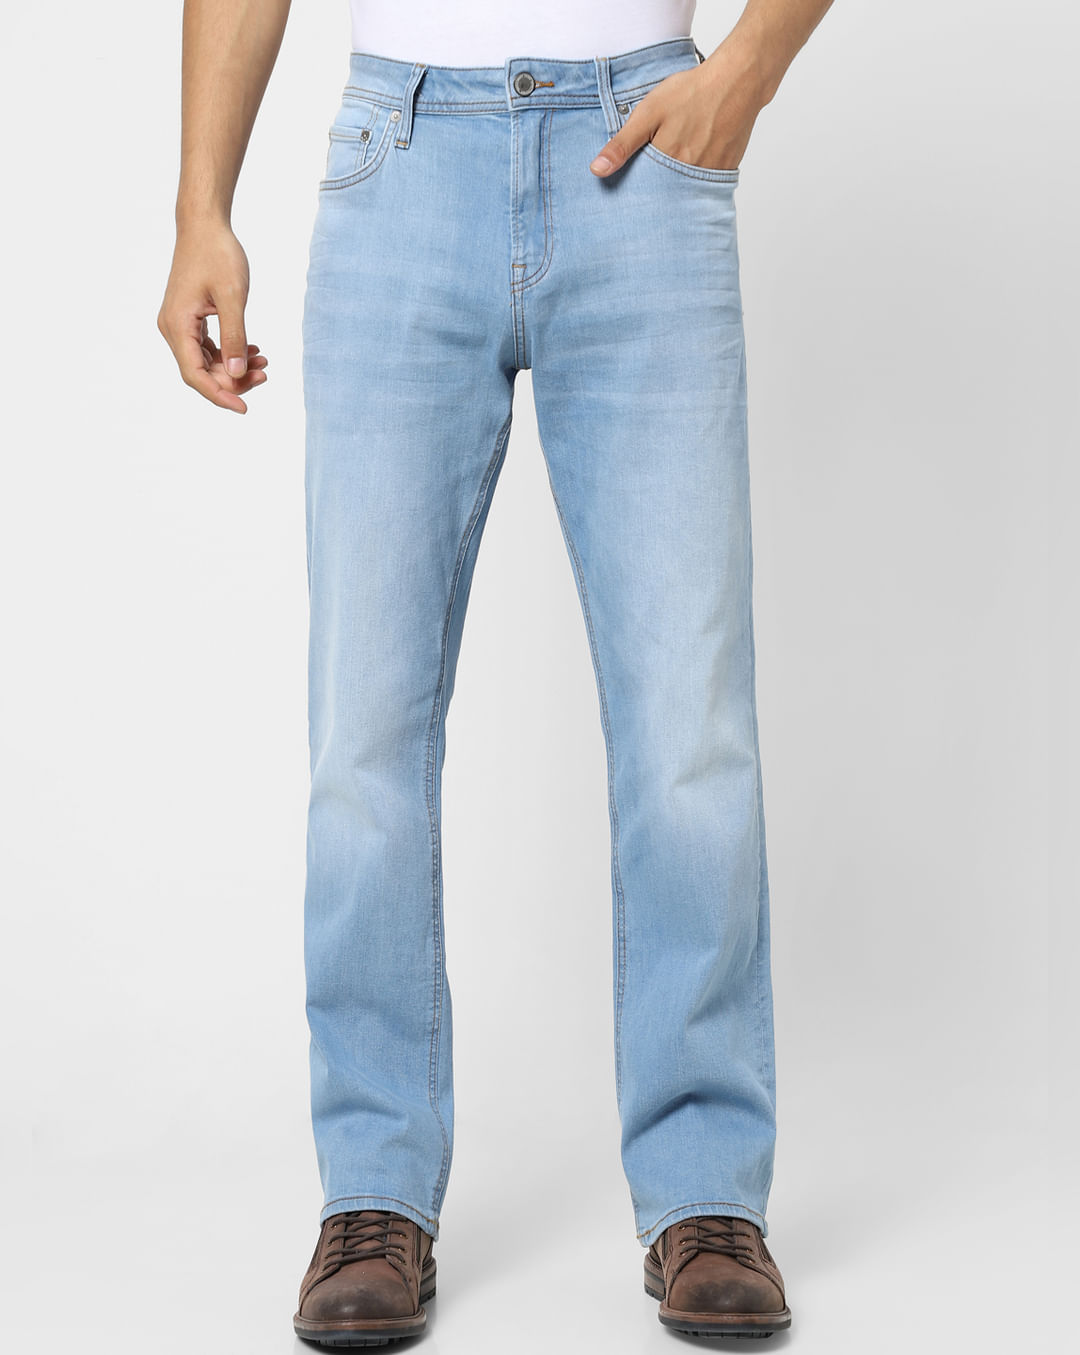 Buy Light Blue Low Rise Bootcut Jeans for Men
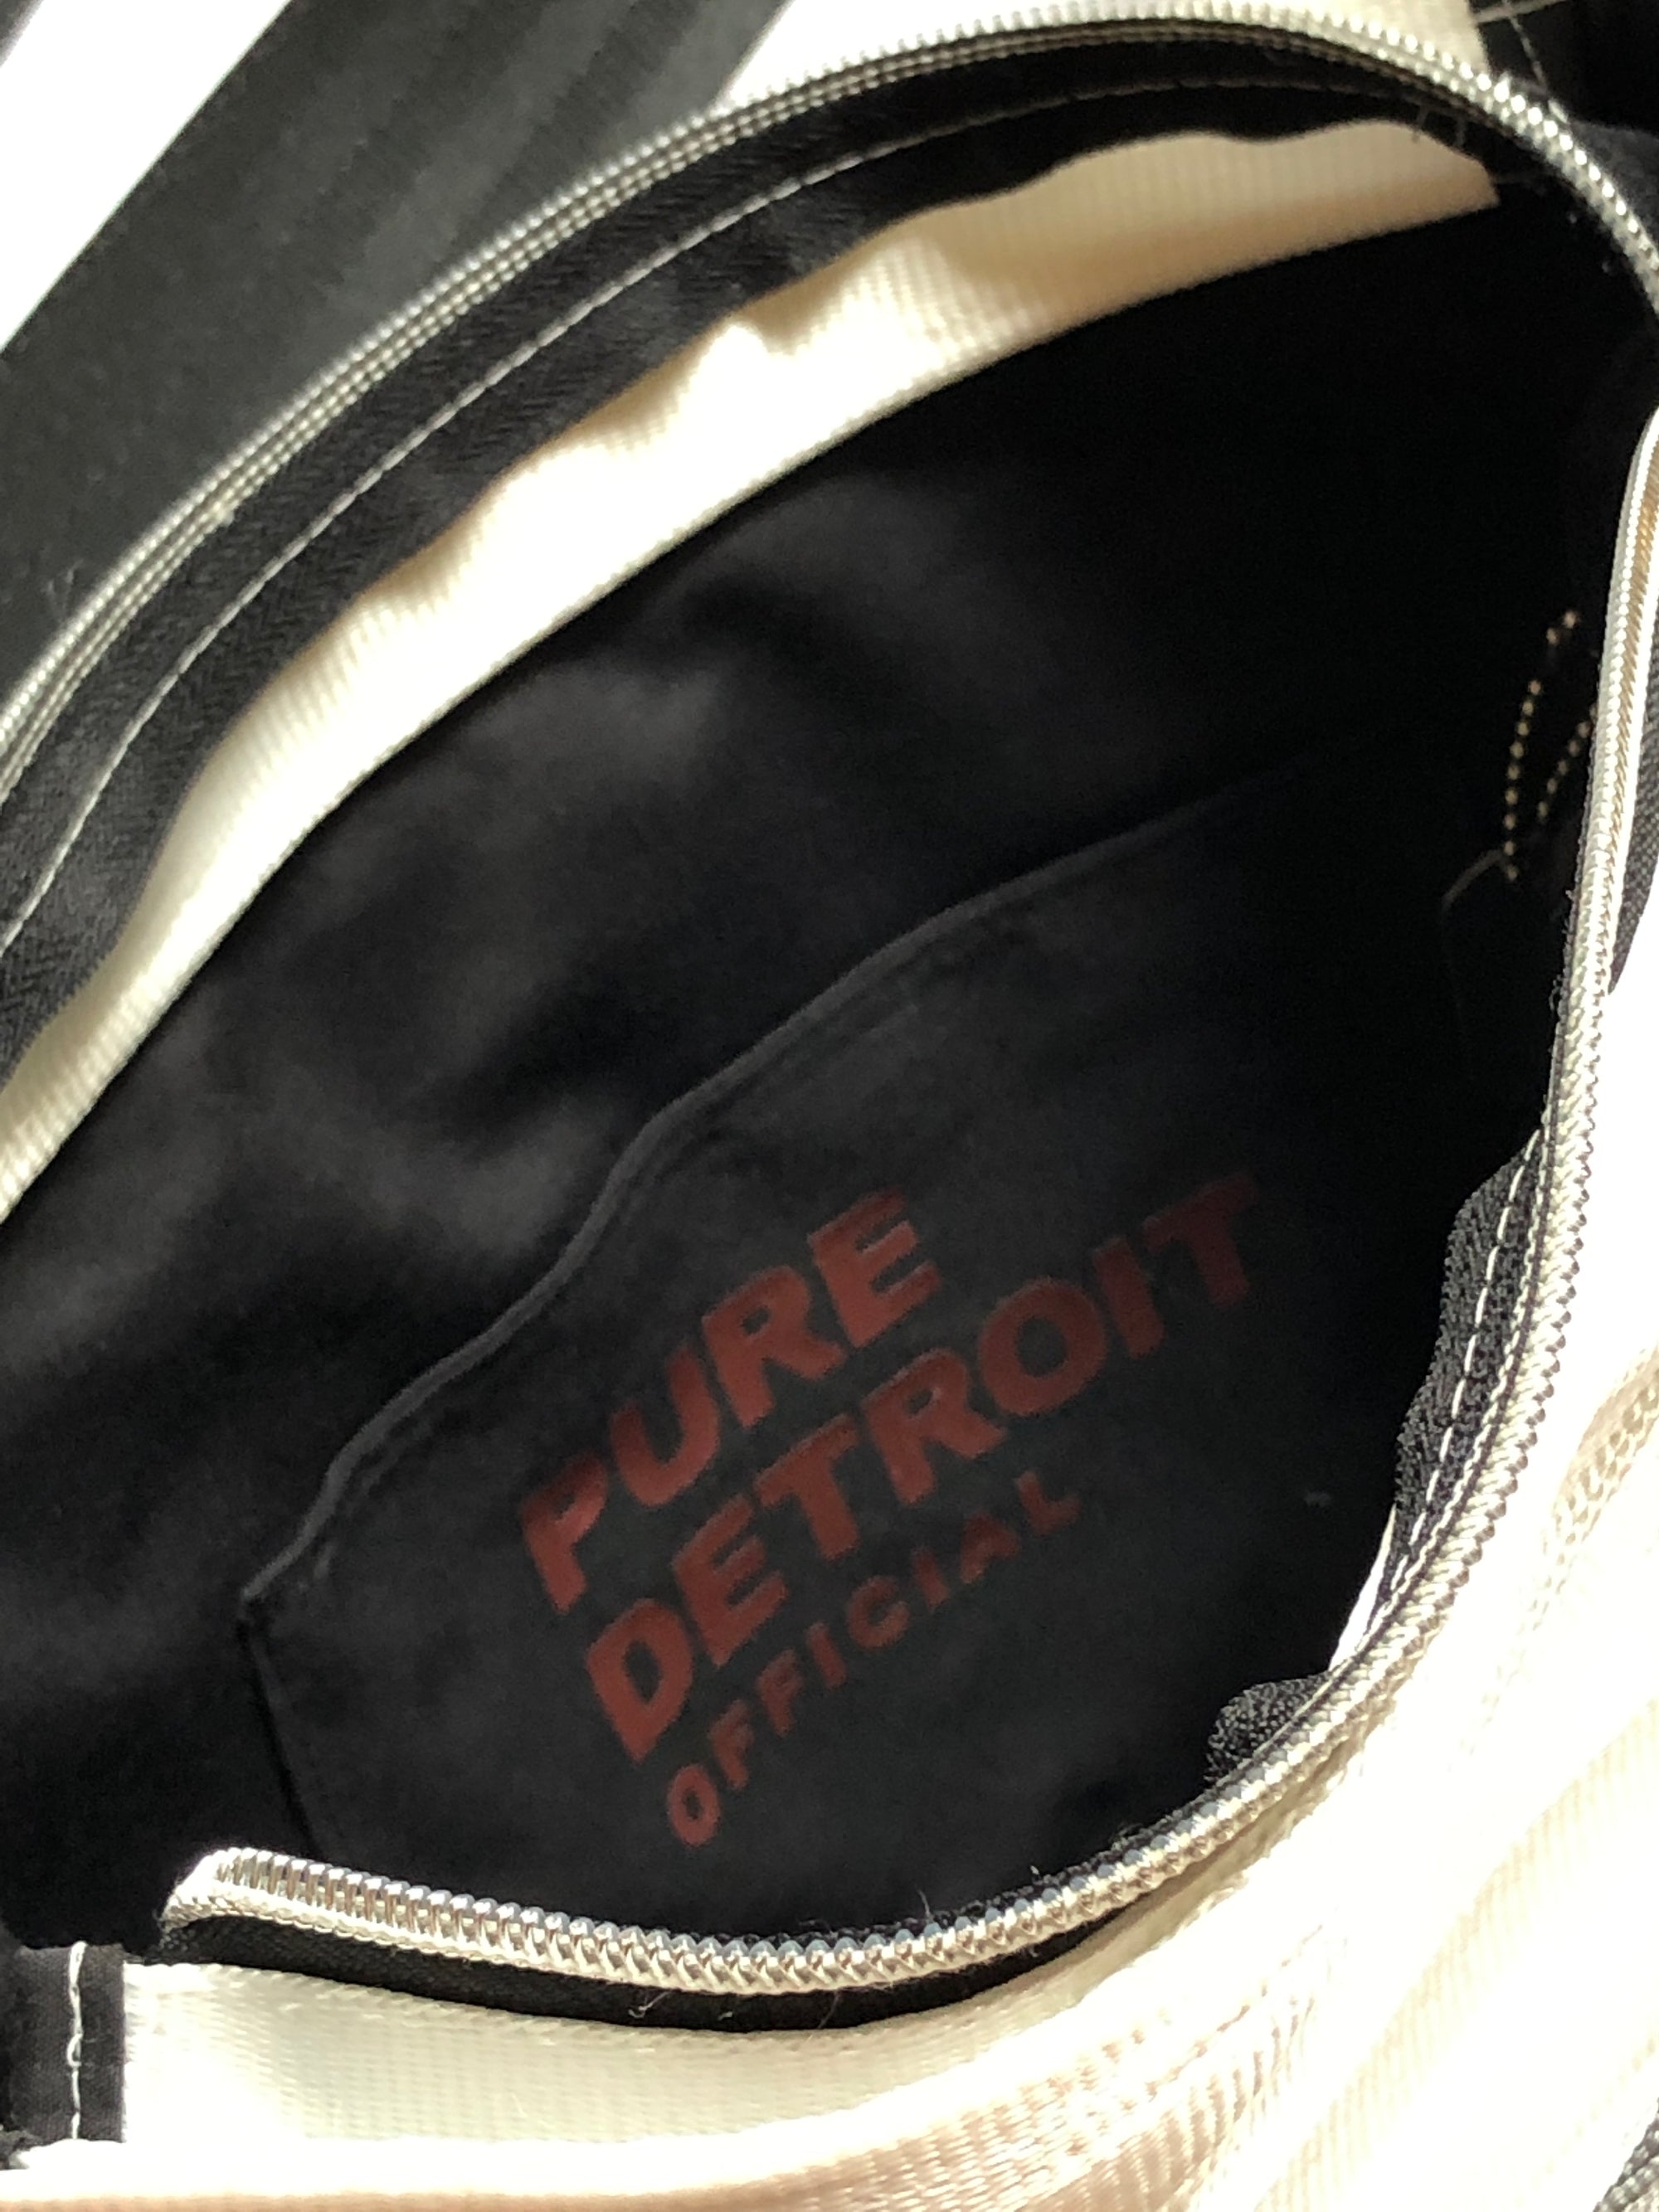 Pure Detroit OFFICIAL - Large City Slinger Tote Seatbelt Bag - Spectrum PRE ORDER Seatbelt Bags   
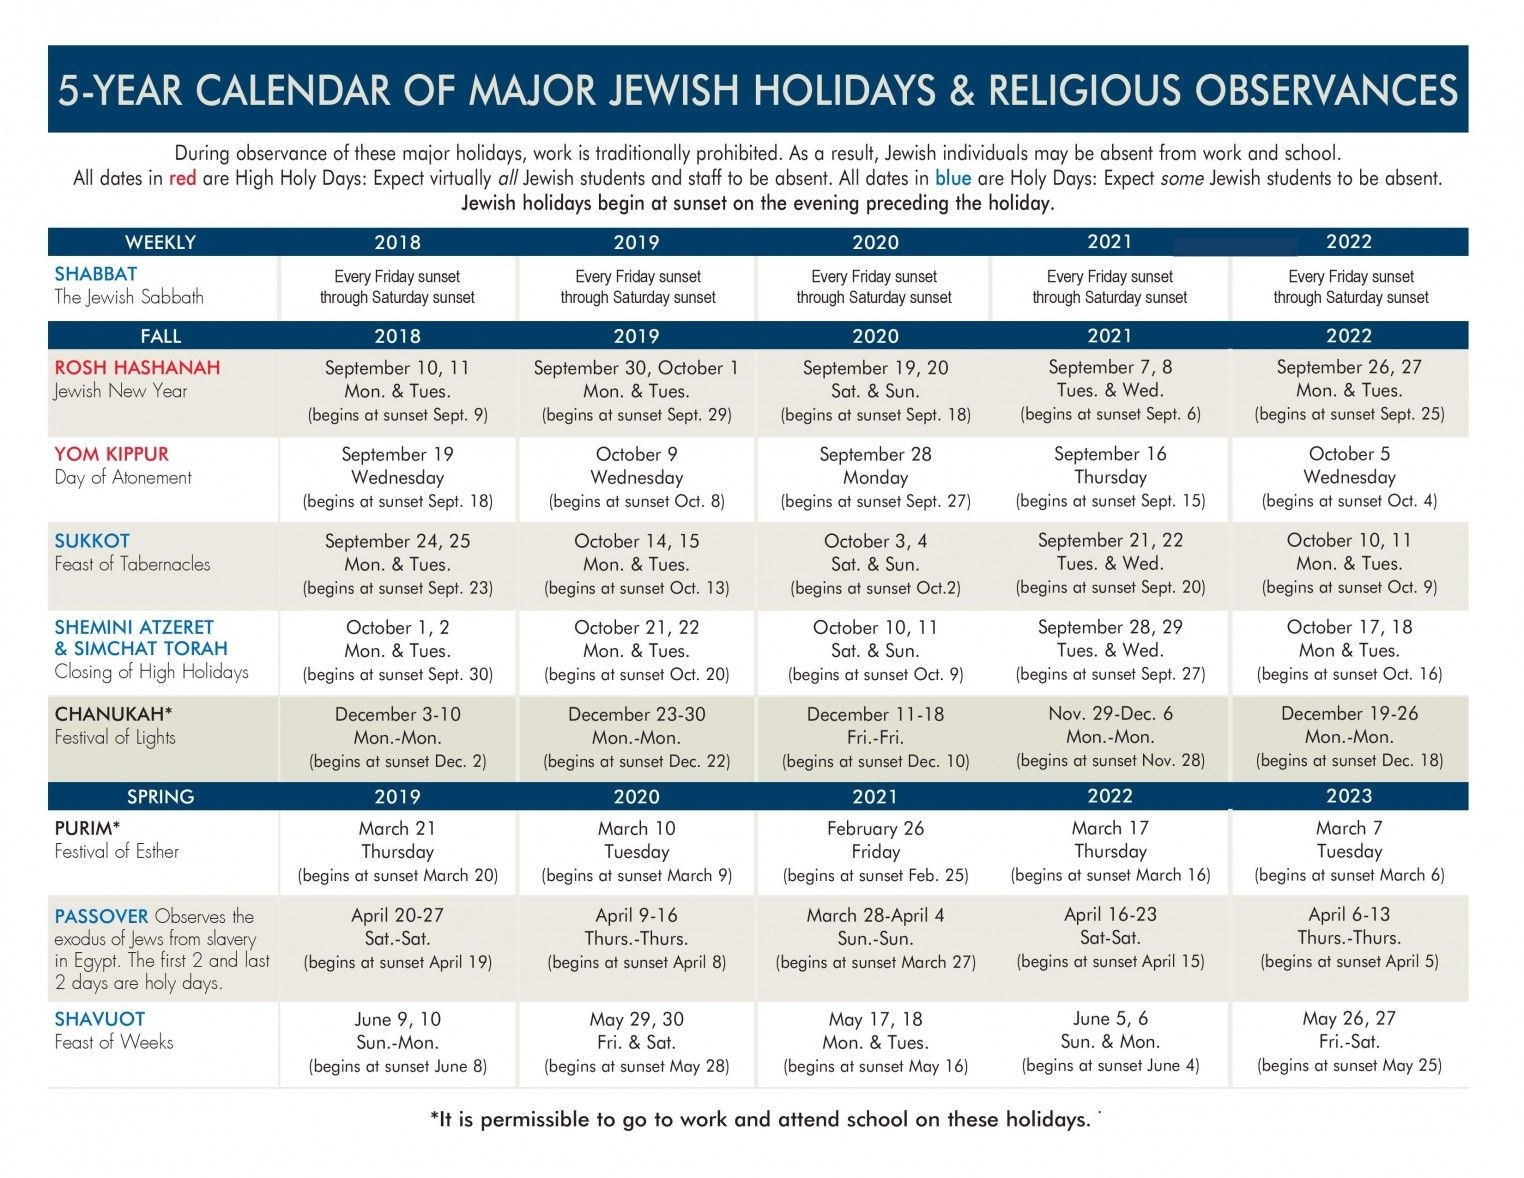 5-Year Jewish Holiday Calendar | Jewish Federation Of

__EXERCISE DETAILS__:
Write the data above out again exactly, minus its pictures.

__PROBLEM SOLUTION__:
 Buy Light Blue Low Rise Bootcut Jeans for Men
 Pure Detroit OFFICIAL - Large City Slinger Tote Seatbelt Bag - Spectrum PRE ORDER Seatbelt Bags   
 5-Year Jewish Holiday Calendar | Jewish Federation Of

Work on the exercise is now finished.